*GIVEN DATA*:
◇ ◇ ◇ ◇ ◇ ◇ ◇

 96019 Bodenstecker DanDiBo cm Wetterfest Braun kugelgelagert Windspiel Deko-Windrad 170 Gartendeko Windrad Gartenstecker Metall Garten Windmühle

◇ ◇ ◇ ◇ ◇ ◇ ◇

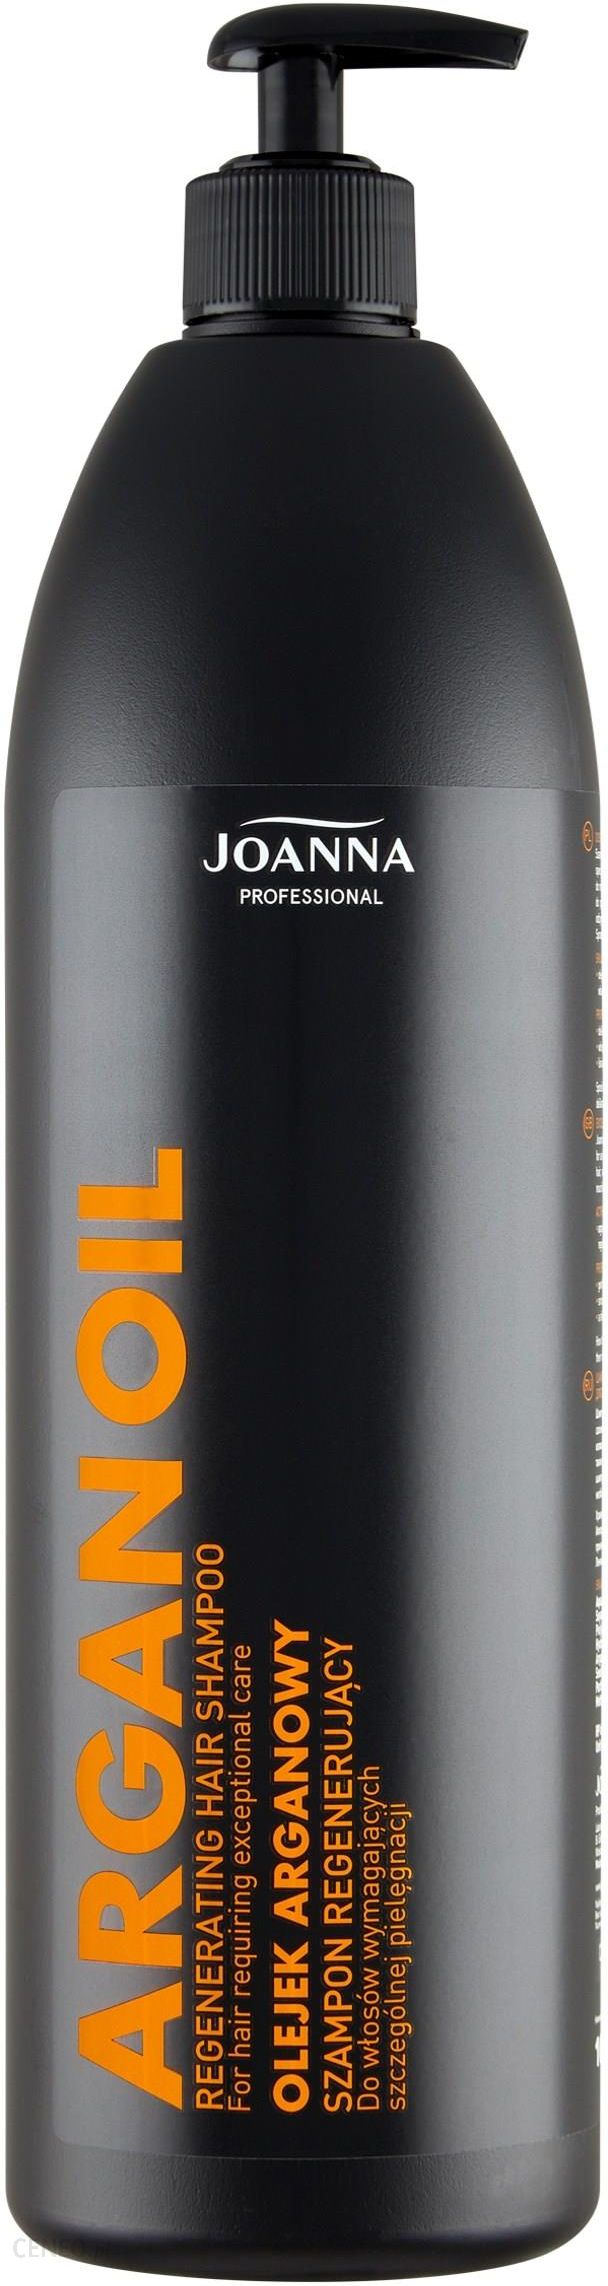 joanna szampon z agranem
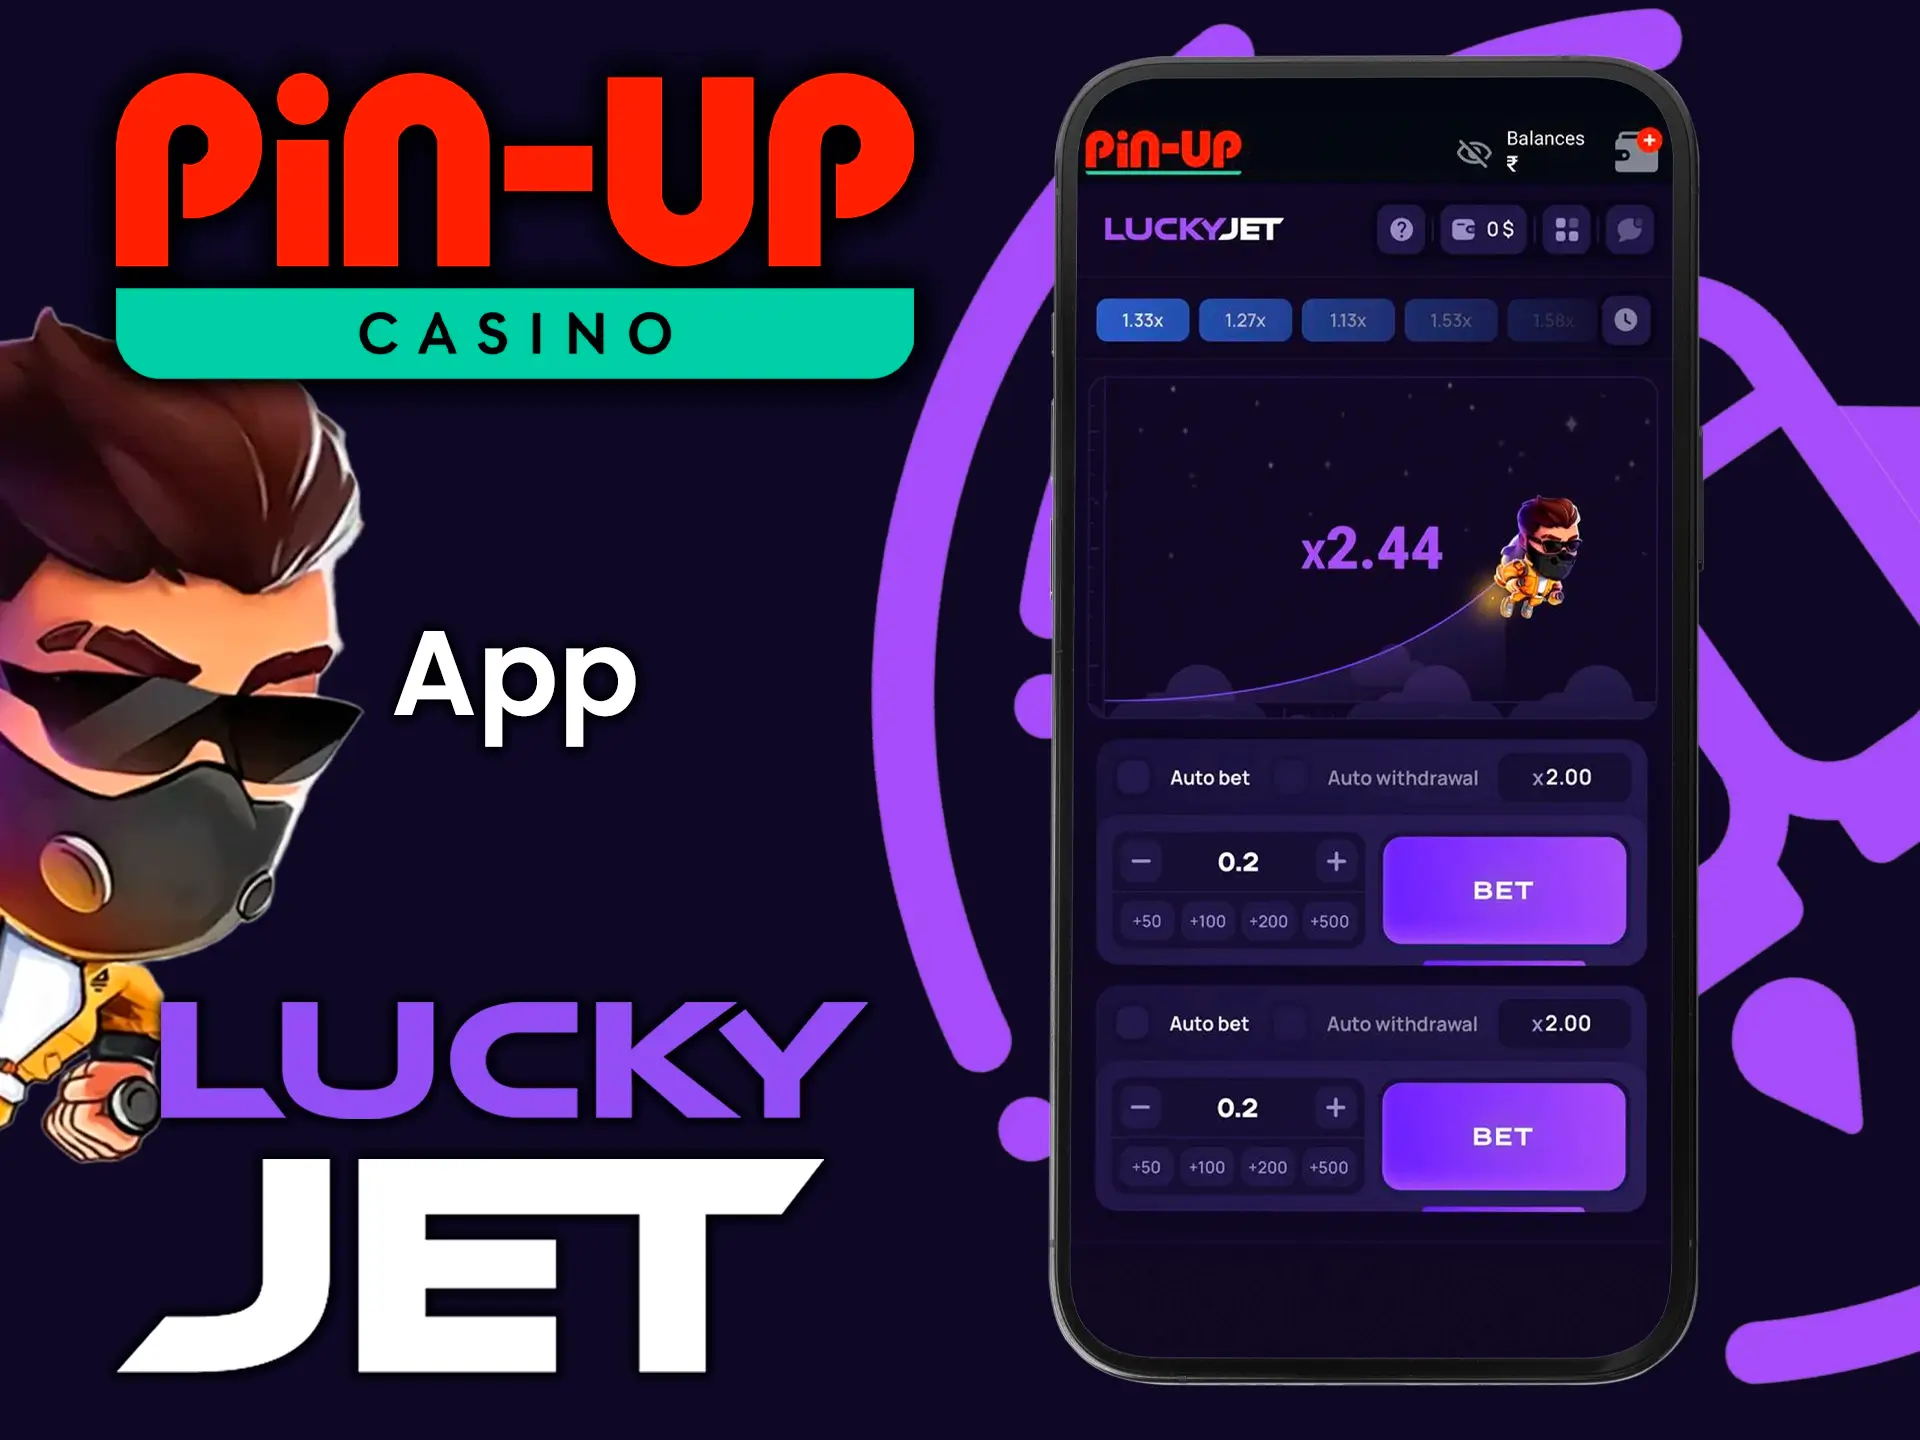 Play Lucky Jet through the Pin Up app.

◇ ◇ ◇ ◇ ◇ ◇ ◇

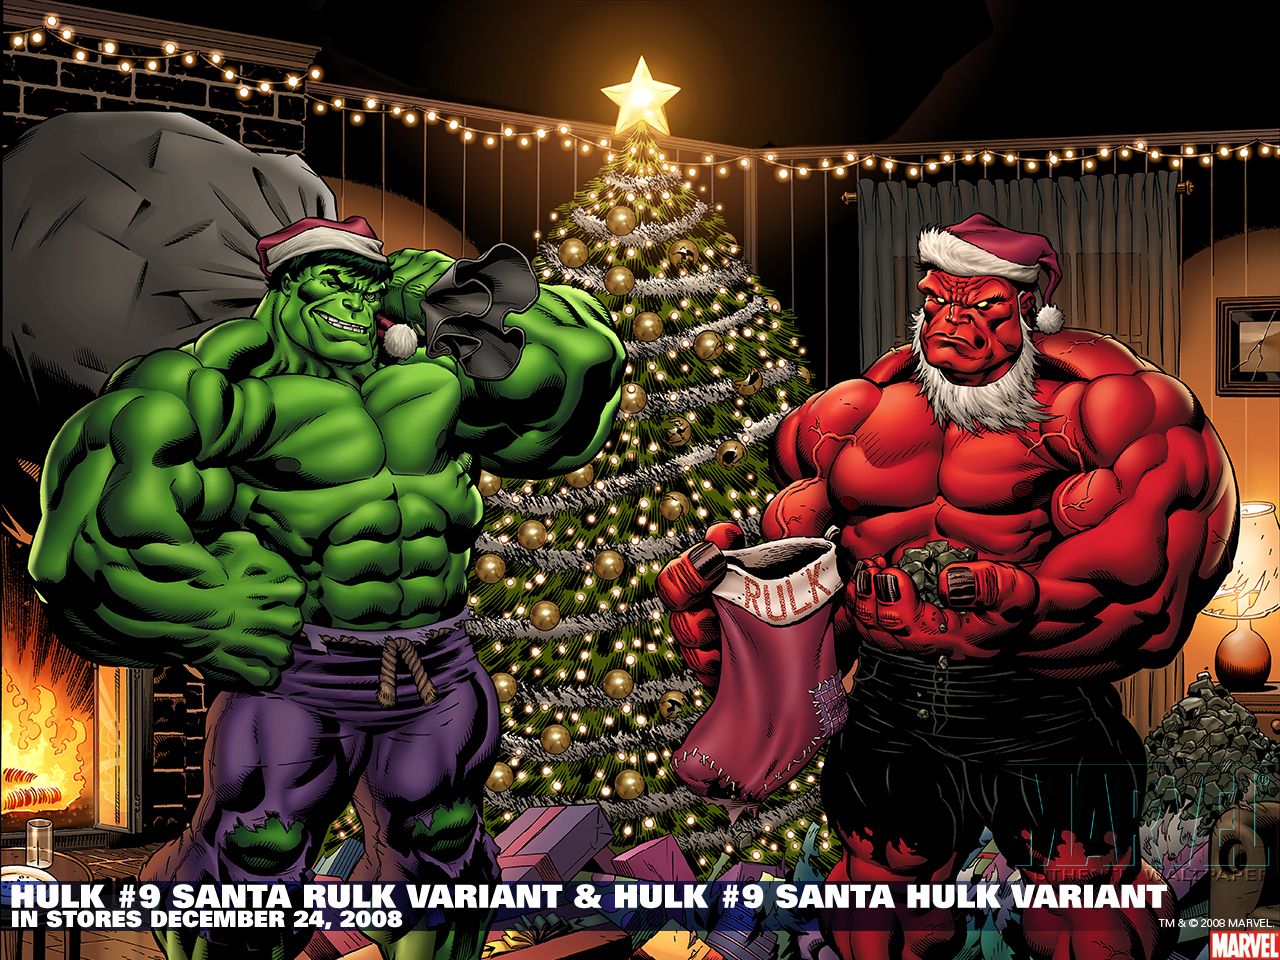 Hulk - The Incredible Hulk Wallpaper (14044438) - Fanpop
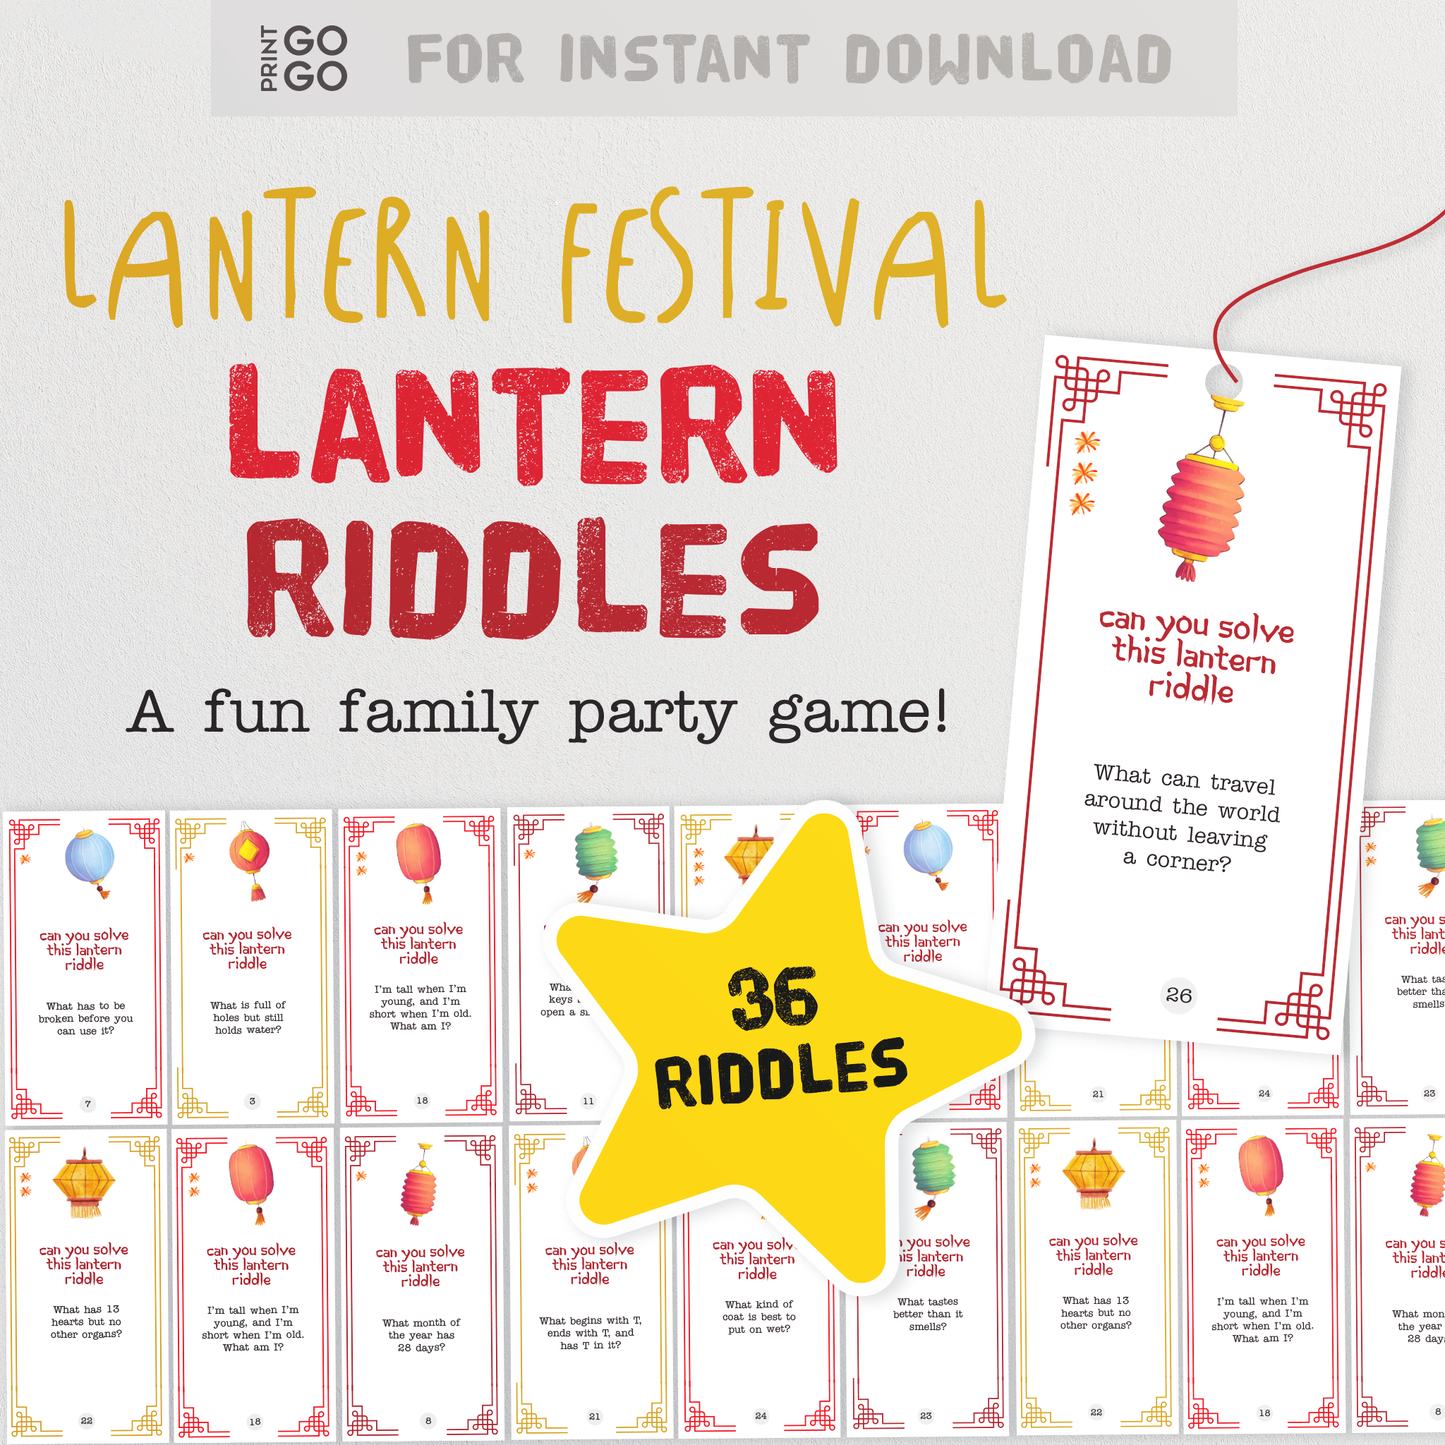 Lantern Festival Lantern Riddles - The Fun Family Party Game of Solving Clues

◇ ◇ ◇ ◇ ◇ ◇ ◇

*ASSIGNED TASK*: Within the listing above, copy exactly the lines that start at the one with "joanna szampon z agranem" and continue through the one with "Play Lucky Jet through the Pin Up app.". Omit pictures.

*REPLY TO THE EXERCISE*:
 joanna szampon z agranem
 Play Lucky Jet through the Pin Up app.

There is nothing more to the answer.